Four people in 330 cubic feet (two minivans), 10 days. On the space station, astronauts have 4,000 pounds of gym equipment. Koch and her crew have a 30-pound device the size of a carry-on bag that works like a yo-yo, and they do squats and deadlifts on it. The toilet fan jammed on day one (in zero gravity, the fan is what pulls waste into the toilet). Koch flagged it, and Mission Control talked her through the fix. Apollo astronauts didn't even have a toilet, just bags taped to their bodies.
Twenty minutes after the engine fired to send them toward the Moon, a warning popped up: "cabin leak suspected." False alarm. But by that point, turning around was no longer the safer option. Finishing the loop was. On April 6, they fly within about 4,000 miles of the Moon and photograph parts of the far side no human has ever seen up close. Then four days coasting home.
Orion enters the atmosphere at about 25,000 mph, 32 times the speed of sound, faster than any crewed spacecraft has ever returned. Superhot gas wraps around the outside and kills all radio contact for several minutes. Nobody on the ground can reach them. A series of parachutes fire in sequence, and the capsule goes from 25,000 mph to 17 mph before dropping into the Pacific off San Diego. Atmosphere to water, about 20 minutes.
Victor Glover failed an engineering class his sophomore year of college. His dad talked him out of joining the Navy SEALs and told him an engineering degree and pilot wings might make him an astronaut someday. Right now Glover is somewhere between the Earth and the Moon.
He grew up in Pomona, California. Played quarterback in high school, wrestled well enough to place sixth at the state championship, won Athlete of the Year. Went to Cal Poly for engineering and played both sports at the college level.
He got his Navy wings in 2001 and started flying F/A-18 fighter jets off aircraft carriers. His squadron deployed on the USS John F. Kennedy to fight in Iraq, the carrier’s final deployment ever. Twenty-four combat missions.
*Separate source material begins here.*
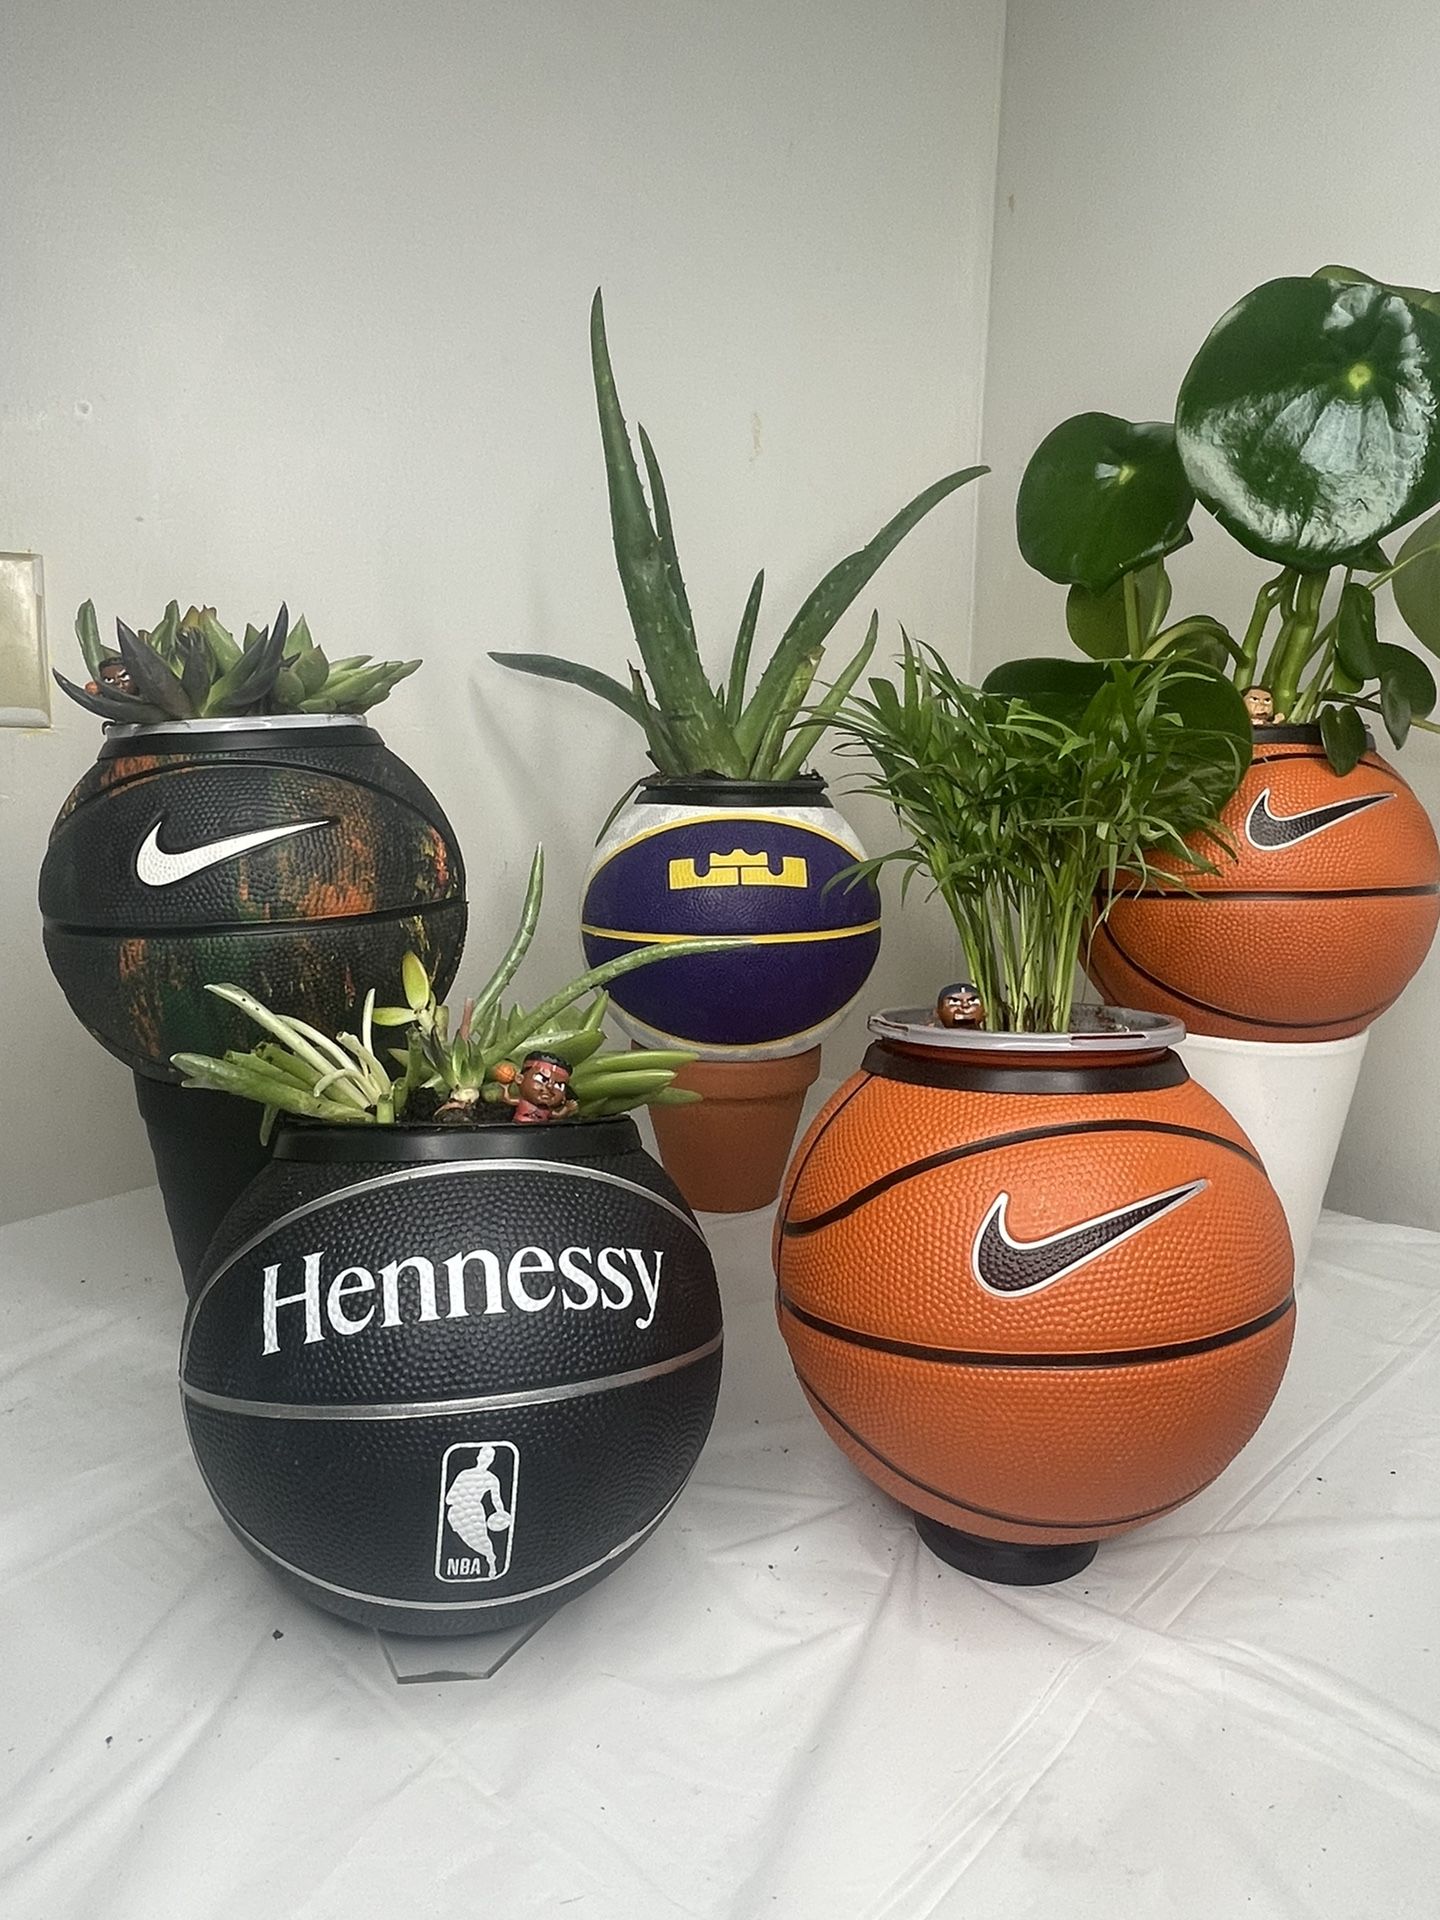 Basketball Planters

His commanding officer gave him the callsign “Ike,” short for “I Know Everything.”
He became a test pilot at Edwards Air Force Base and over his career flew more than 40 types of aircraft, 3,000 hours in the air, everything from a Korean War-era Soviet MiG-15 to the Goodyear blimp. More than 400 landings on a moving carrier deck. He earned three master’s degrees in three years. He once told Cal Poly’s president that the hardest thing he ever chose to do was walk in space. The second hardest was wrestling practice.
He applied to NASA in 2009 and got rejected. Applied again in 2013 while working in the U.S. Senate for John McCain. NASA’s head of flight crew operations called him. He missed the call. Frantically dialed back. Eight people got in that year out of more than 6,000 applicants.
NASA put him in the pilot seat for the first operational SpaceX Crew Dragon flight in 2020. He spent 168 days on the International Space Station and walked in space four times.
Last June he went back to Cal Poly to accept an honorary doctorate. His wife Dionna and their oldest daughter Genesis both walked across the stage at the same ceremony to pick up their own degrees.
Three days ago Glover launched from Kennedy Space Center. The crew will fly past the far side of the Moon on Monday and travel about 252,000 miles from home, breaking a distance record that Apollo 13 set fifty-six years ago. They come back at roughly 25,000 mph.
He has four daughters. His callsign is still Ike.